例えば、次のようなコードでpickleファイルを保存してみます。(冒頭の図のコードです。)

import pickle
import numpy as np

obj = {
    'str': 'Hello, World',
    'int': 12,
    'float': 0.125,
    'list': [
        1, 2, 3, 4, 5
    ],
    'tuple': (0, 1, 2, 3),
    'ndarray': np.arange(10)
}

with open('./data/test.pickle', mode = 'wb') as f:
    pickle.dump(obj, f)

その後、生成された test.pickle は拡張機能を入れていないと閲覧できませんが、拡張機能を導入すると...

図: test.pickle を閲覧している様子

なるほどなるほど～～～！
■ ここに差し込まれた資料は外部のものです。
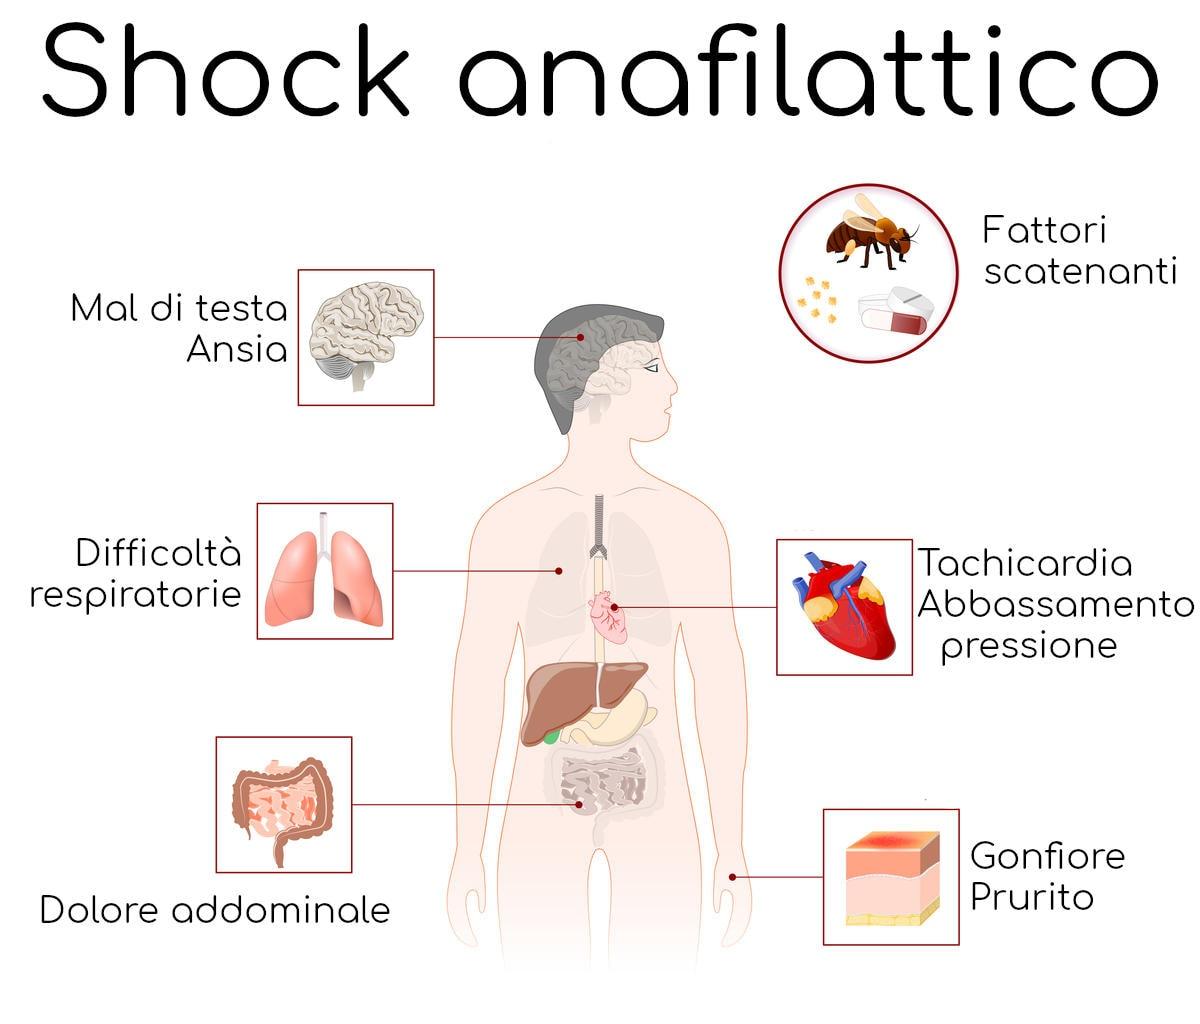 Infografica con i più comuni sintomi di shock anafilattico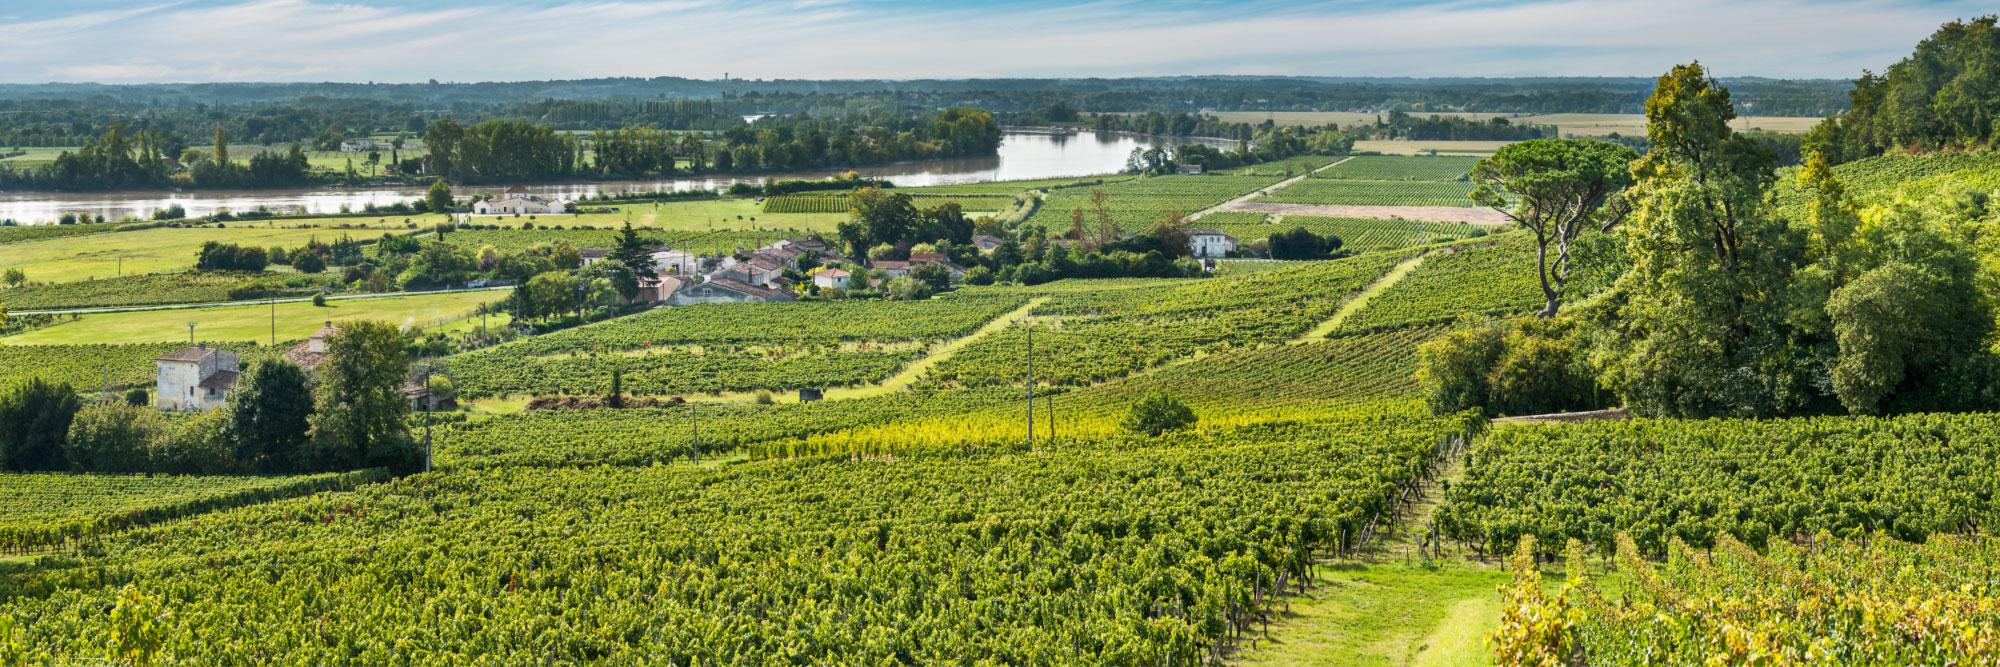 La Dordogne bordée par les vignobles de Fronsac, libournais

！

python.exeのパスを通しておく必要があります。
特定のPythonインタープレターを指定したい場合は、設定からvscode-pydata-viewer.pythonPathで指定をしてください。

settings.json

{
    // 絶対パスで指定しなさいって公式には書かれている。
    "vscode-pydata-viewer.pythonPath": "C:/path/to/python.exe"    
}

How to work?

裏側でPythonファイルを動かしています。ファイルを実行して得られた標準出力を表示しているようです。
なのでnumpyを含むpickleファイルはnumpyがインストールされていないと動かないし、当然PyTorchのファイルもそうでしょう。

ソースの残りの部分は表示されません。